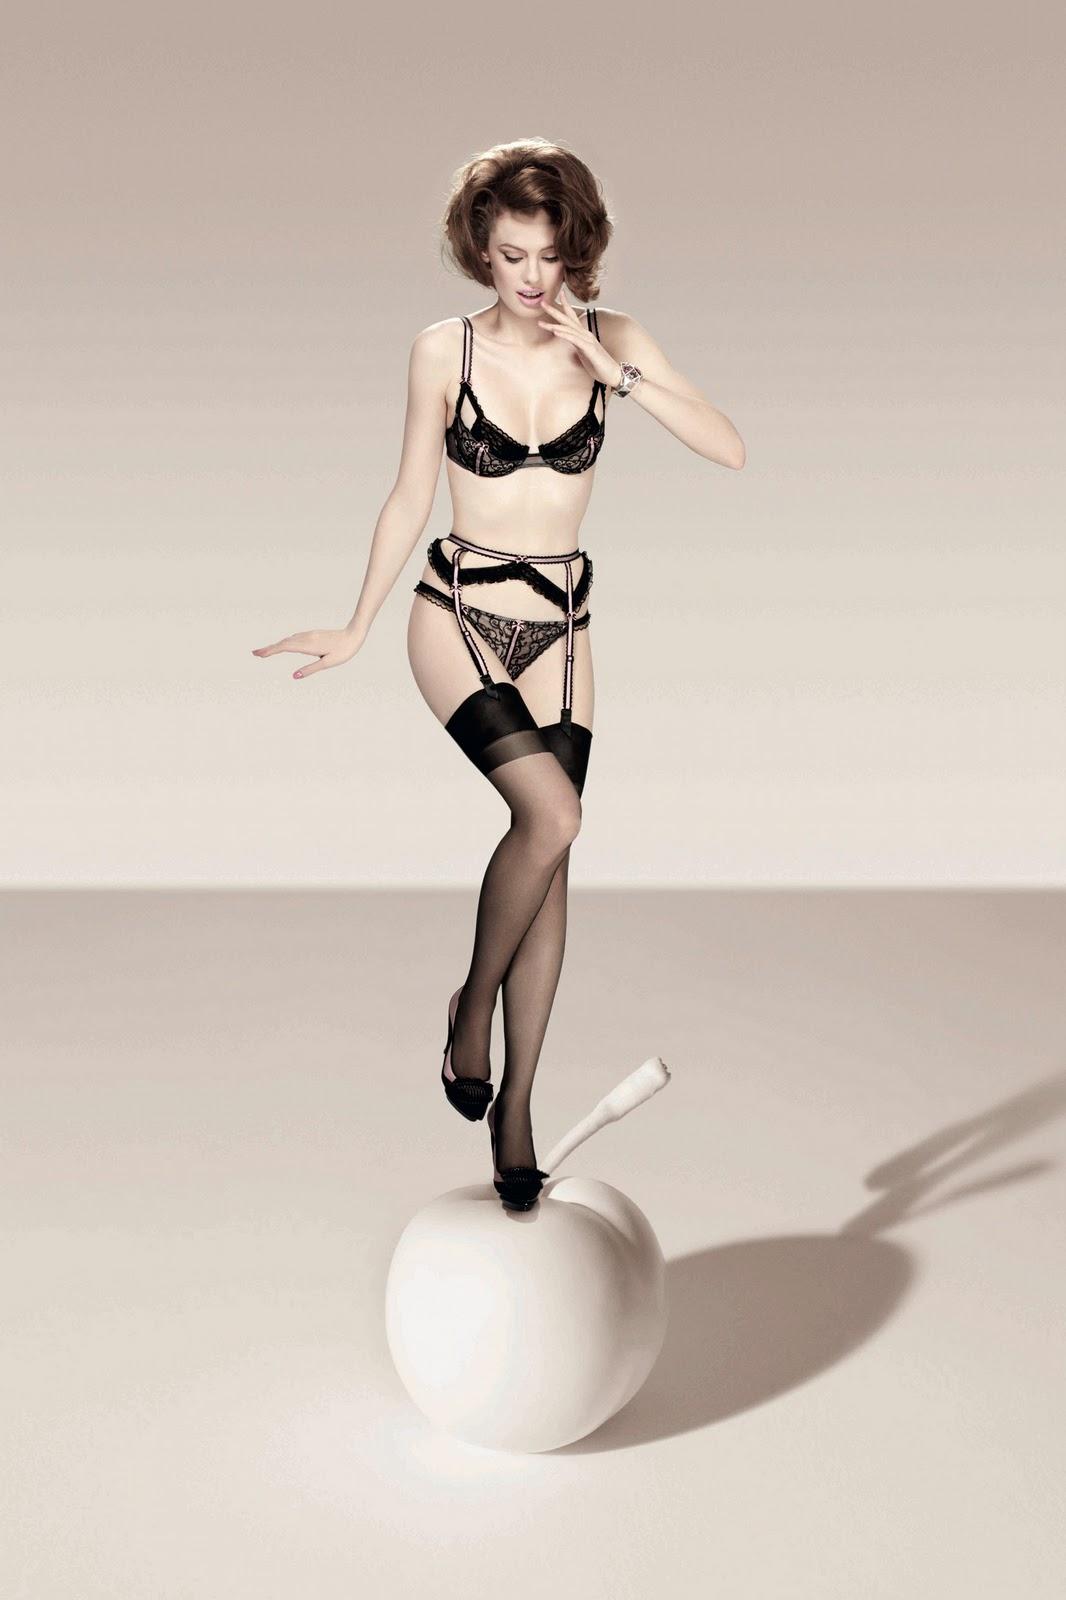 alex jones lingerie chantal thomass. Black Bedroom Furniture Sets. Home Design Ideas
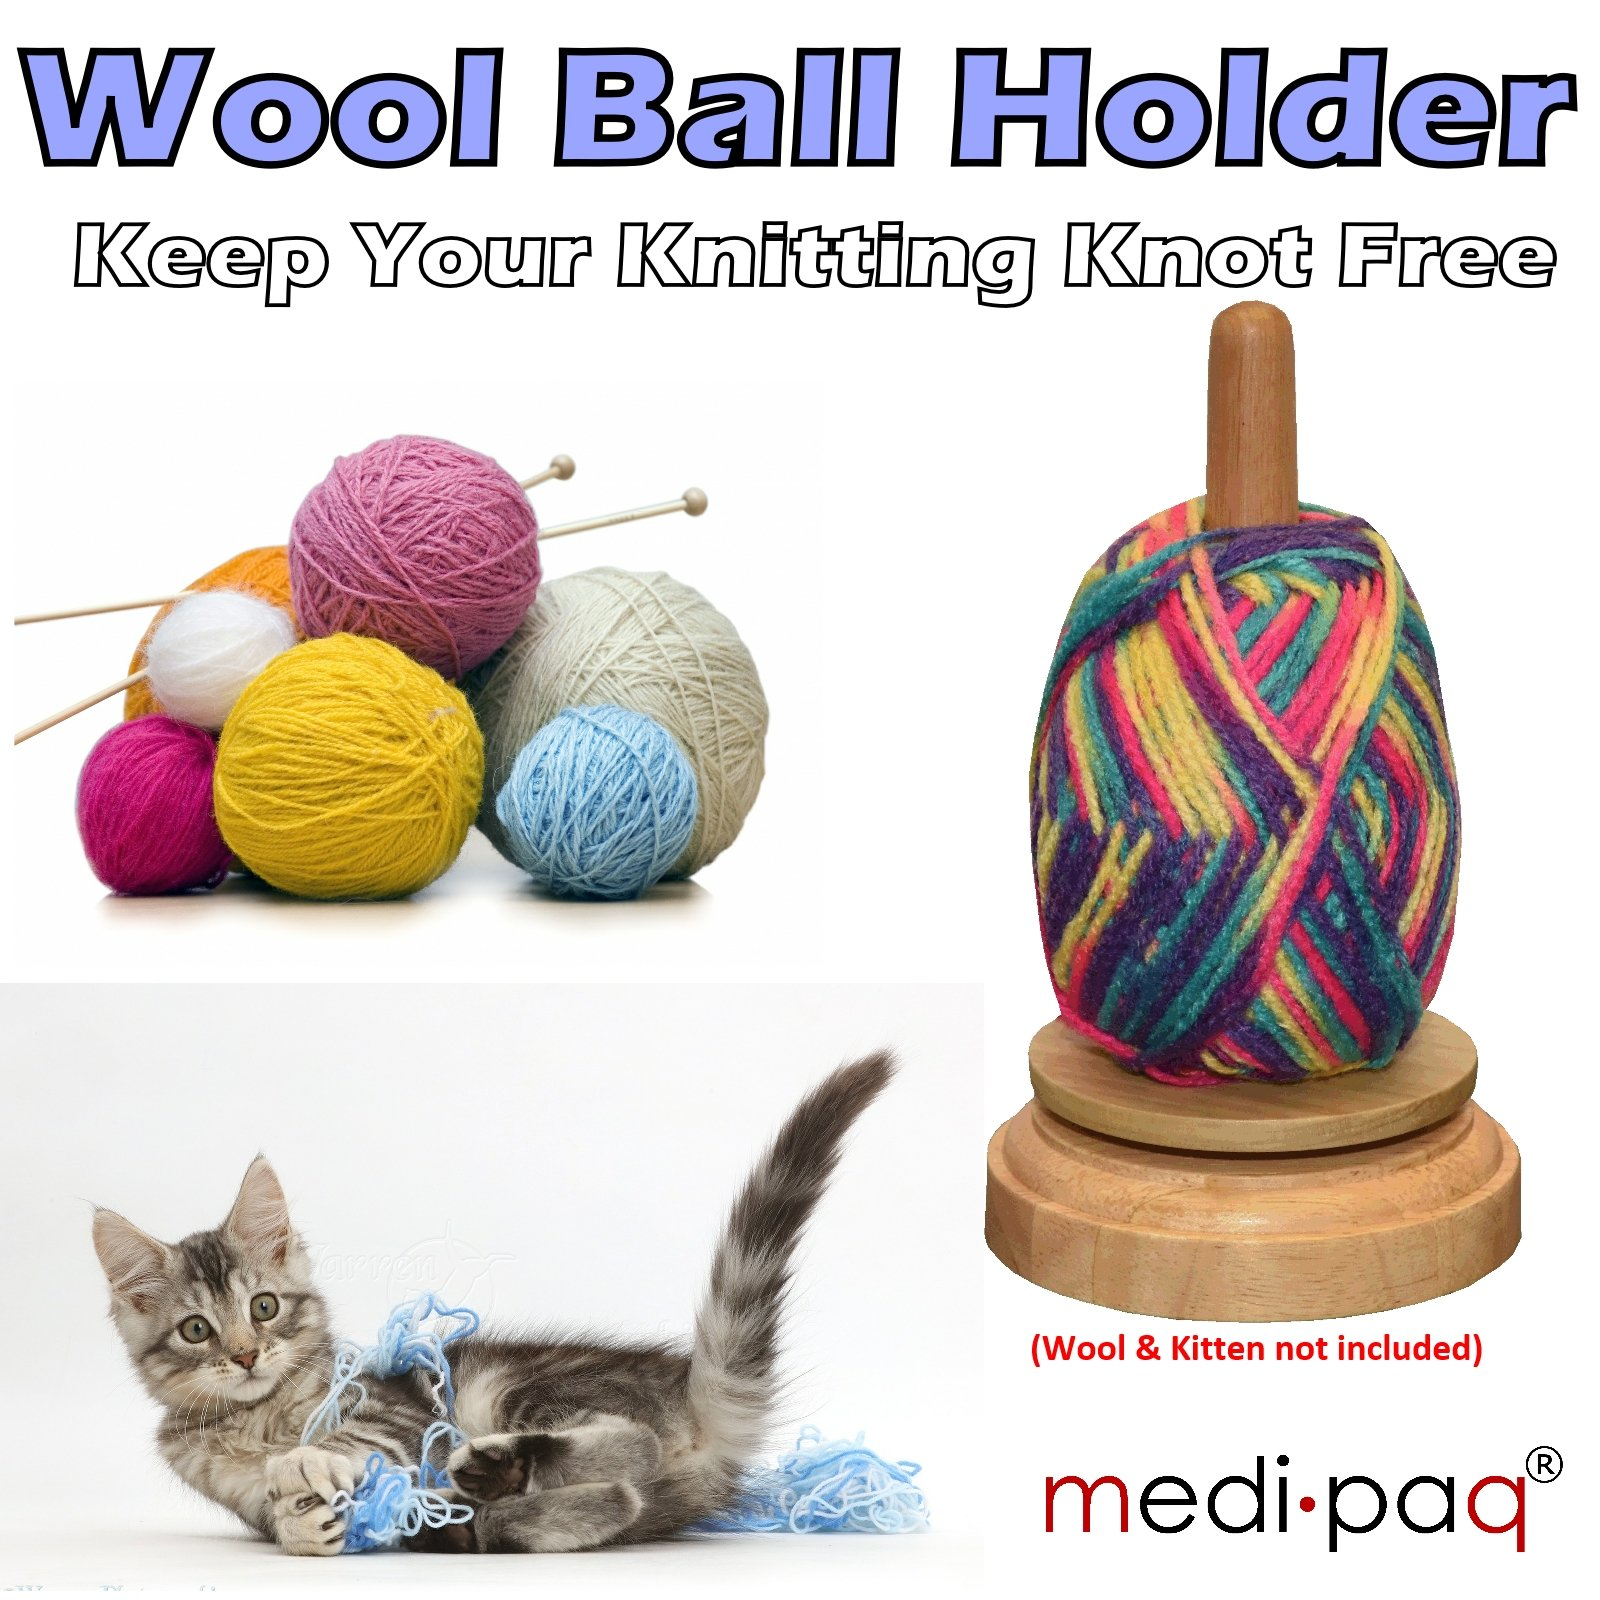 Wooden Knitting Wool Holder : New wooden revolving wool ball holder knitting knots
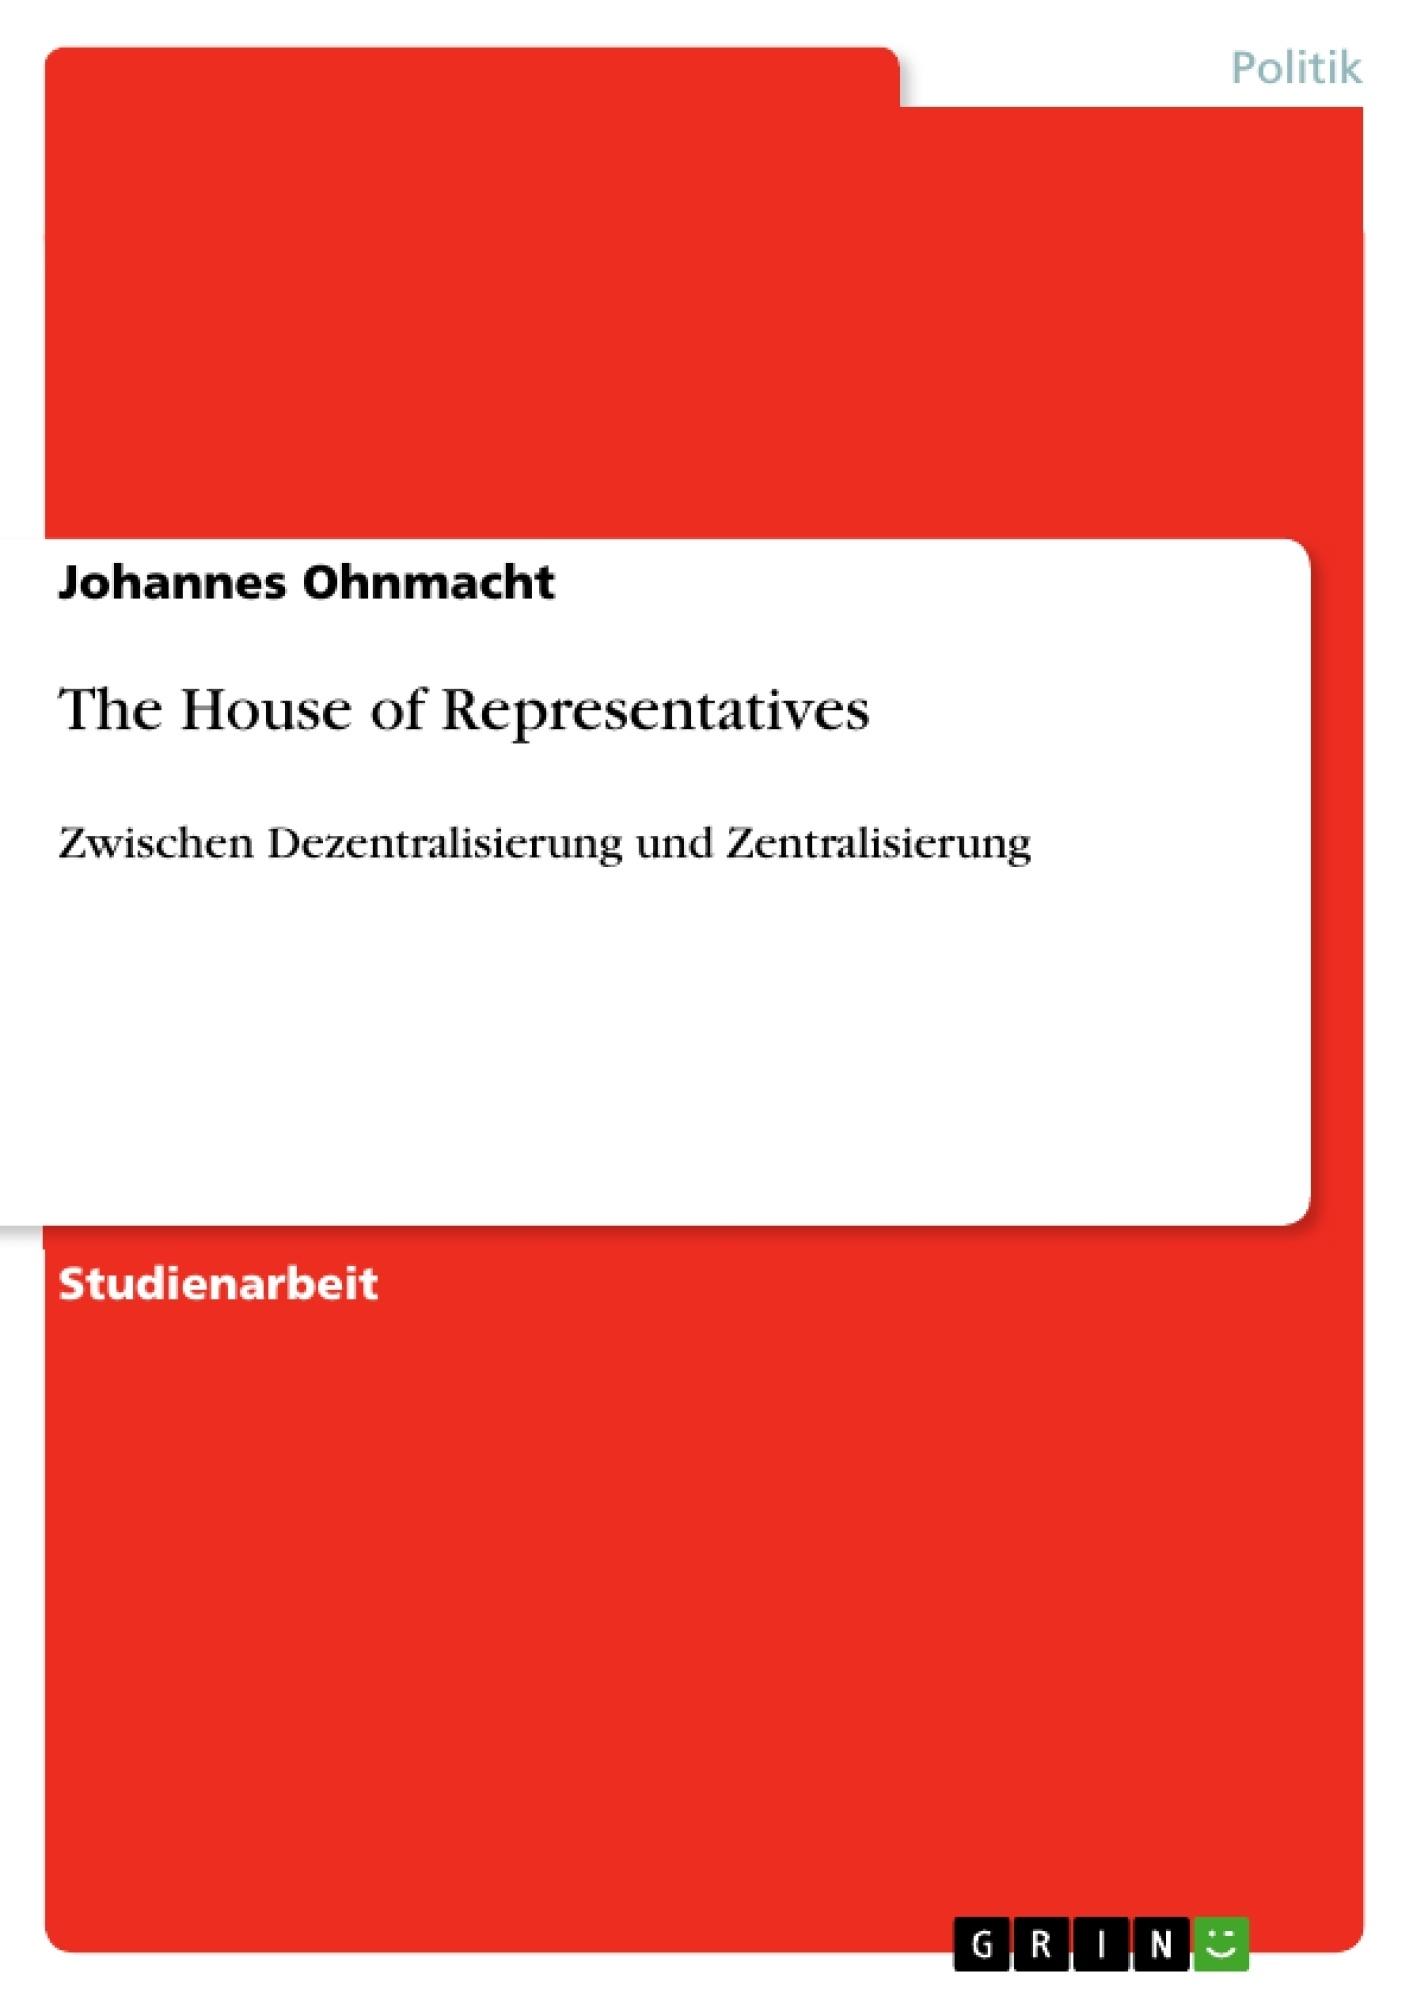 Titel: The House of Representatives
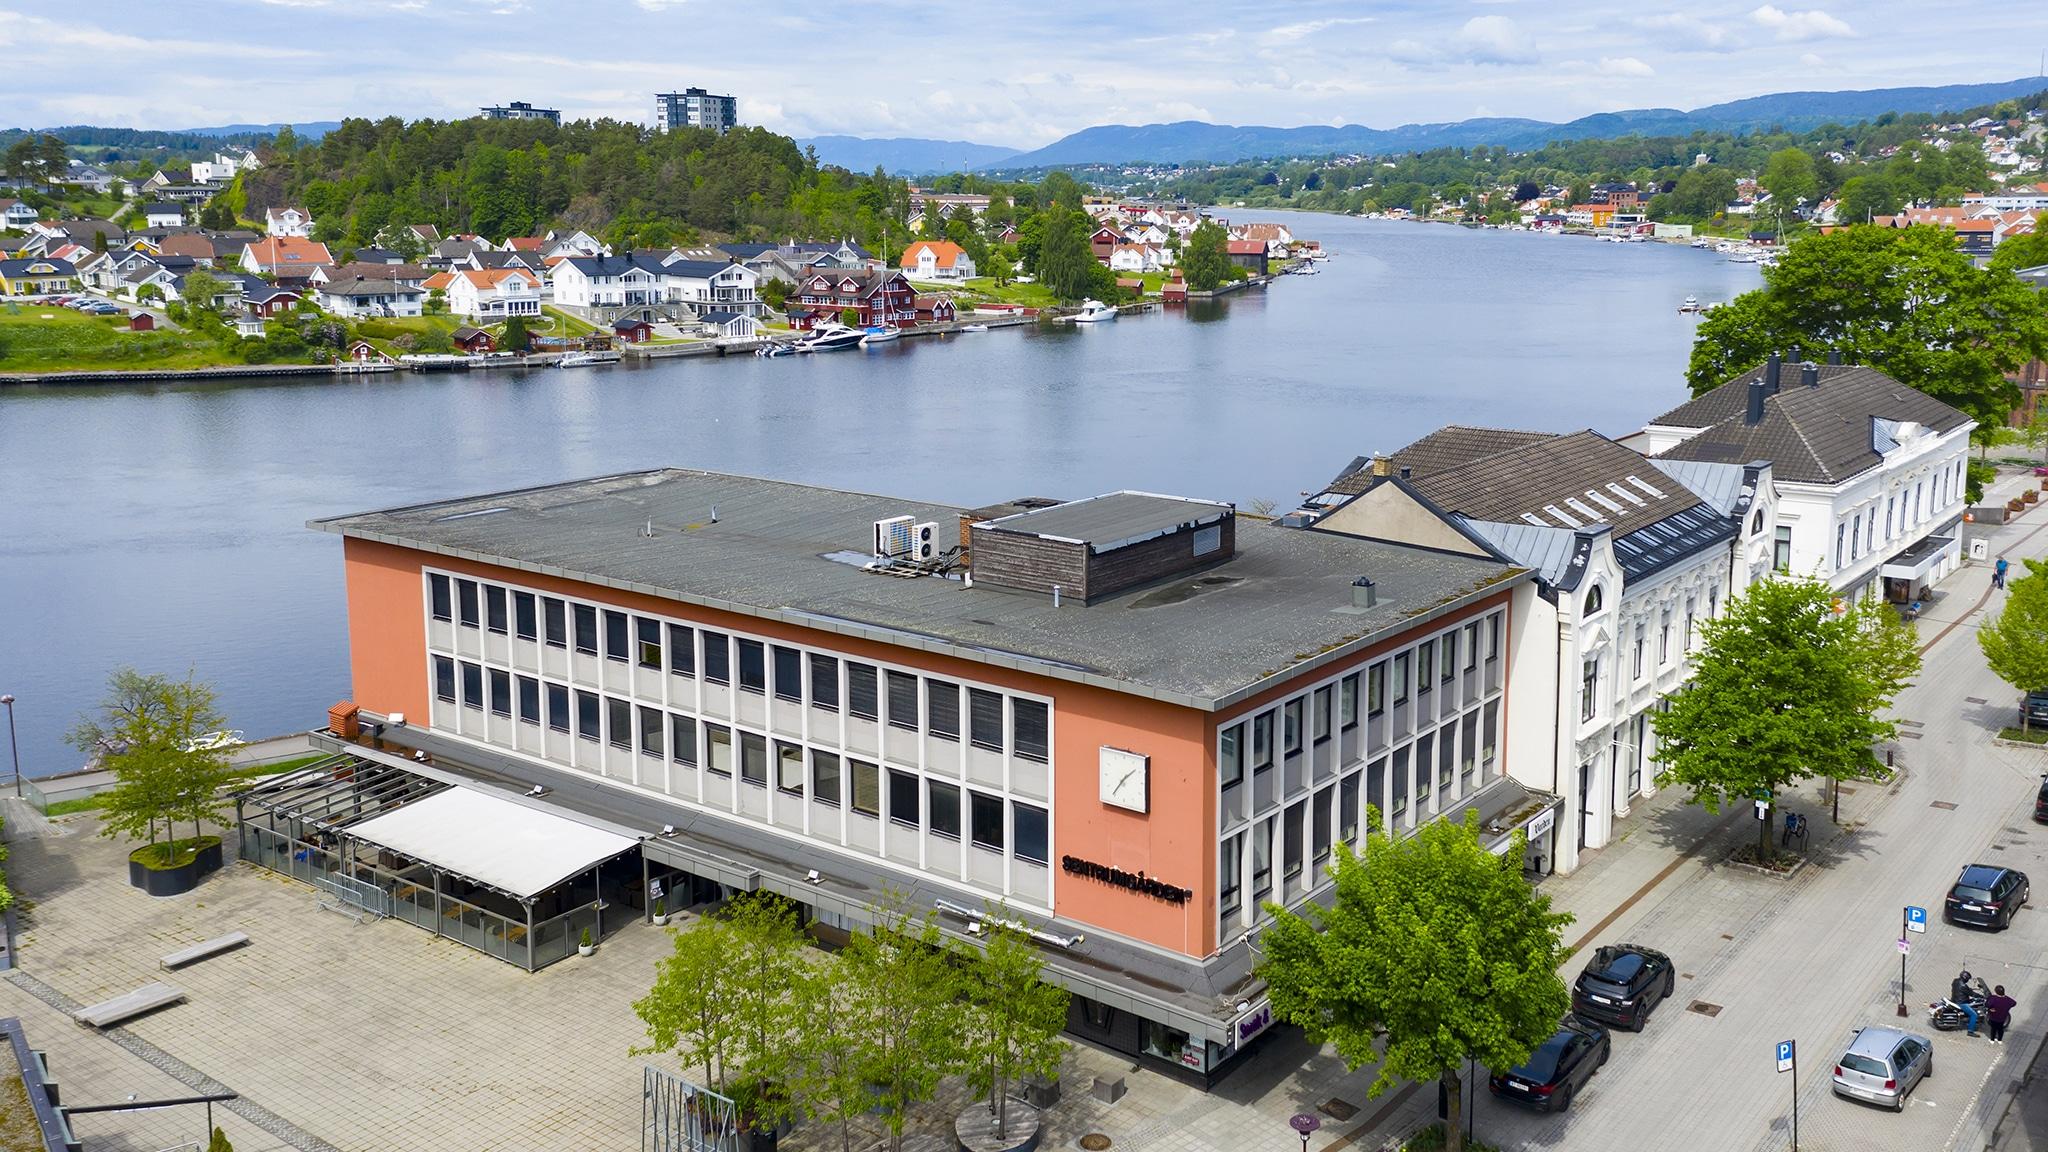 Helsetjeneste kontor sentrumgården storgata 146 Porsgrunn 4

§ Your objective
Print the material precisely as given, dropping any images it holds.

§ Solution to this exercise
 alex jones lingerie chantal thomass. Black Bedroom Furniture Sets. Home Design Ideas
 Wooden Knitting Wool Holder : New wooden revolving wool ball holder knitting knots
 Titel: The House of Representatives
 Helsetjeneste kontor sentrumgården storgata 146 Porsgrunn 4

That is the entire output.